▶ Stored data
┄┄┄┄┄┄┄┄┄┄
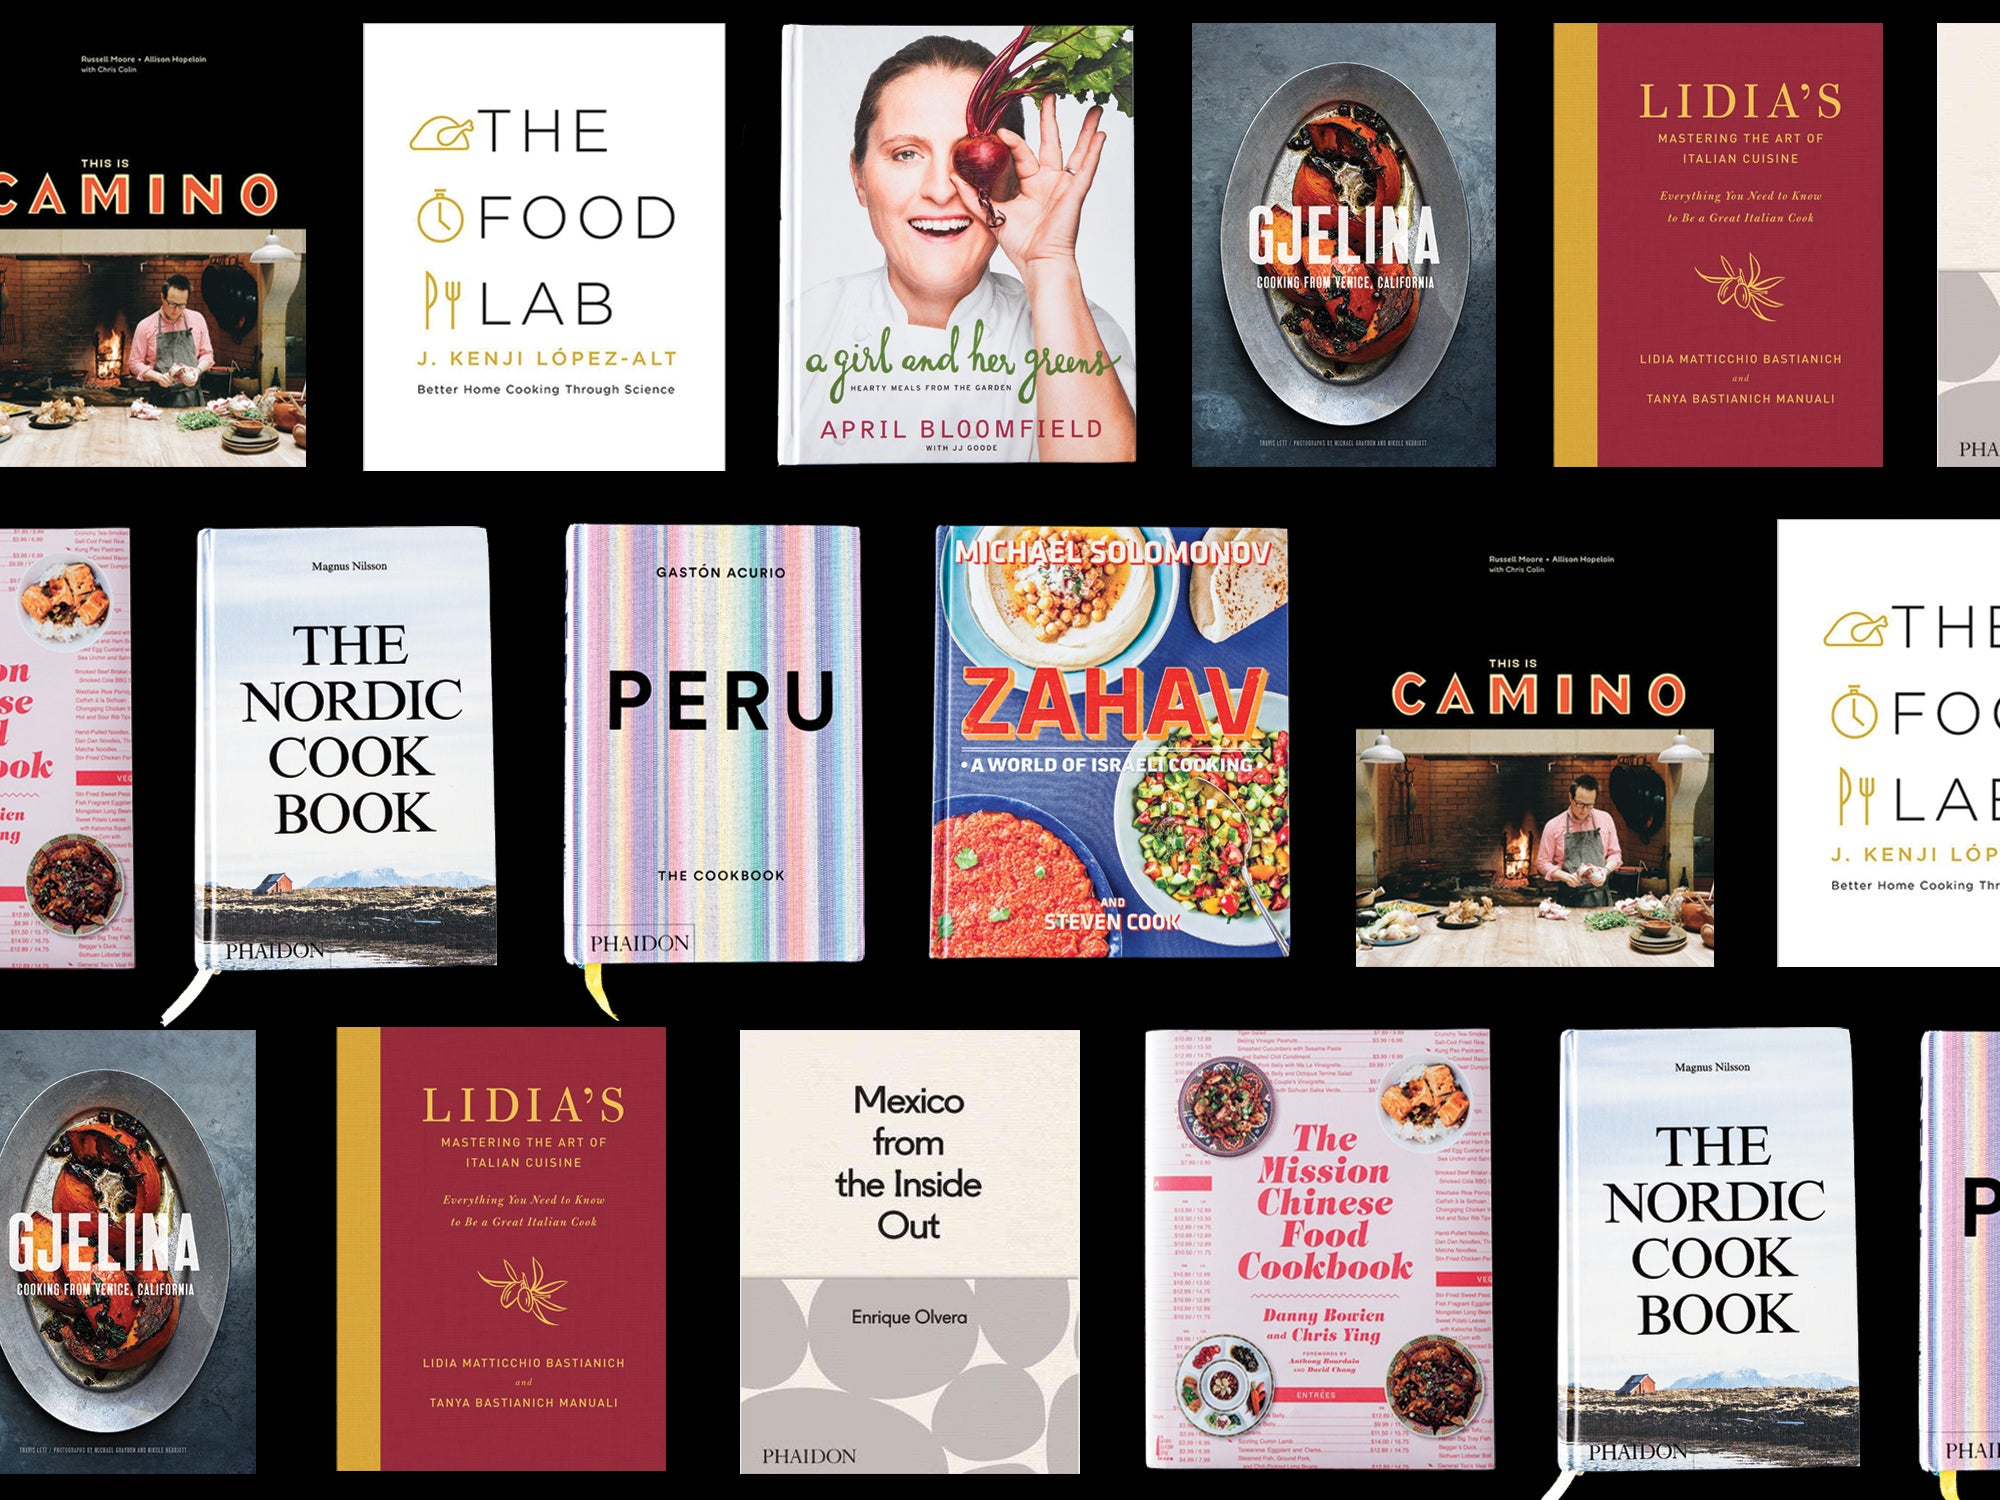 Saveur 100 2016 Top Cookbooks
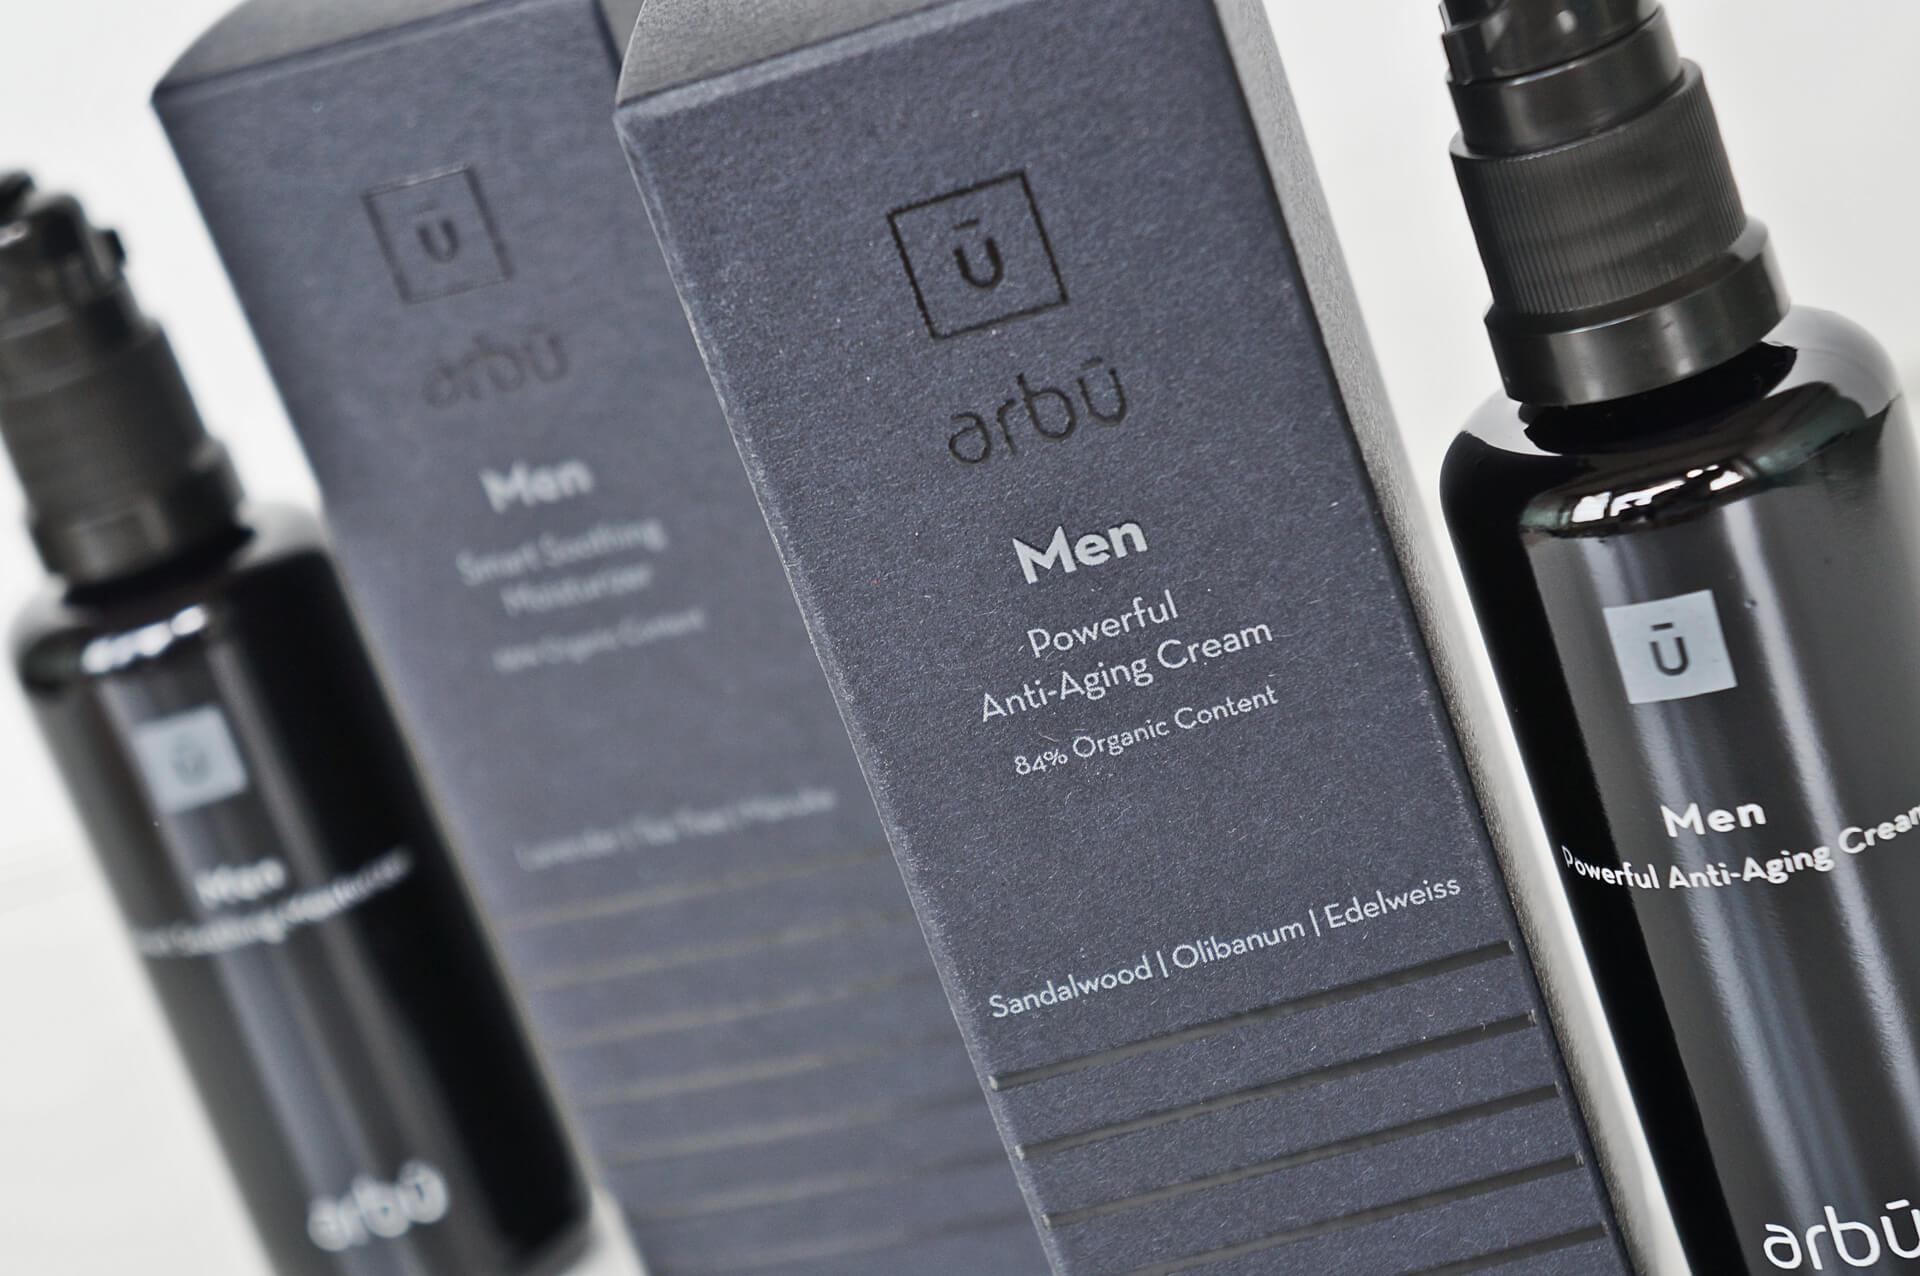 arbu men packaging labels
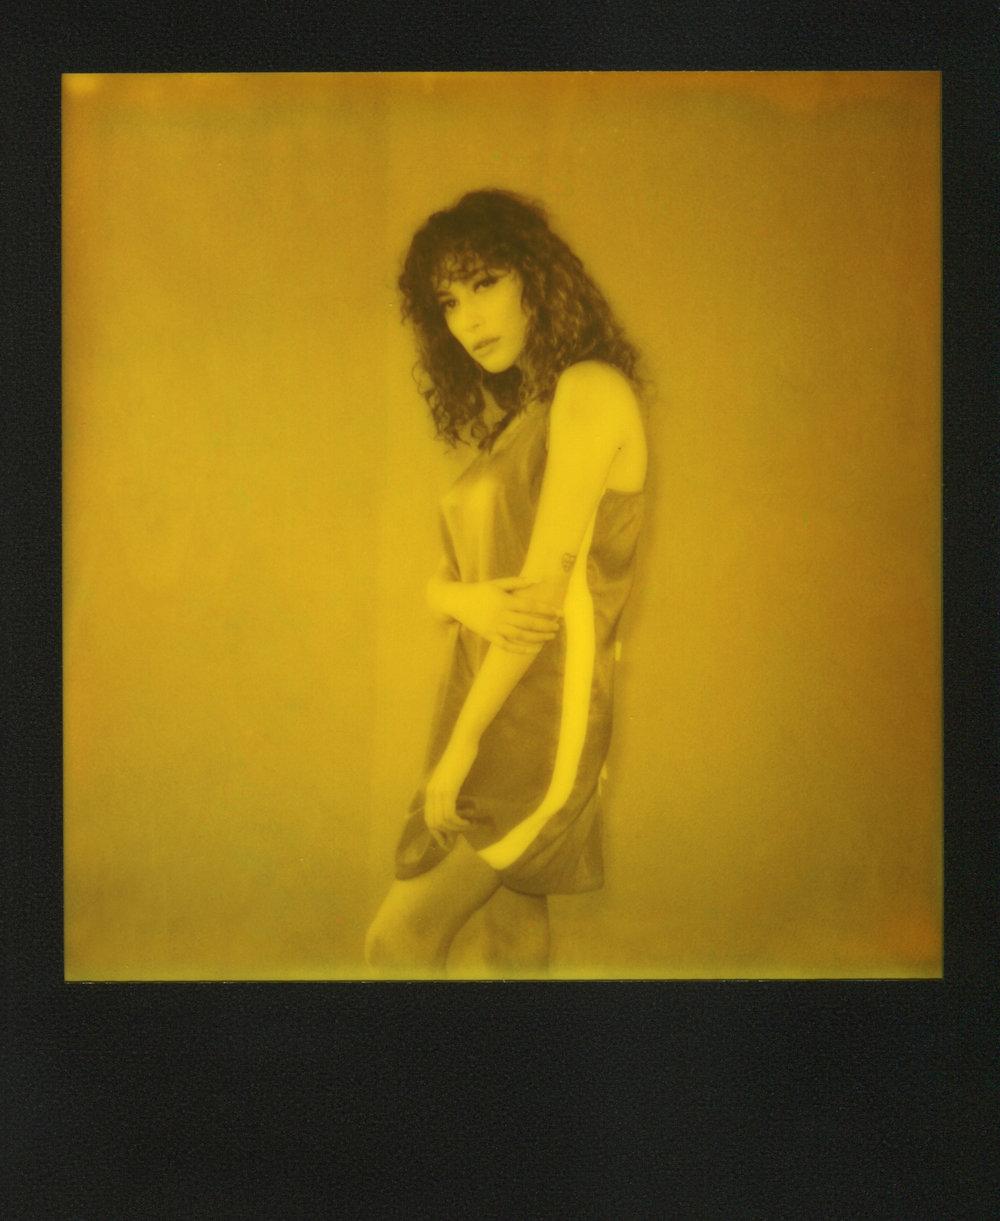 Rene-Yellow-Polaroid-casenruiz.jpg
┄┄┄┄┄┄┄┄┄┄
▶ Assignment
Take the lines from the one holding "arbu men packaging labels" through the last line of the data above and copy them exactly, both ends included, omitting all pictures.

▶ Answer to this task
 arbu men packaging labels
 Rene-Yellow-Polaroid-casenruiz.jpg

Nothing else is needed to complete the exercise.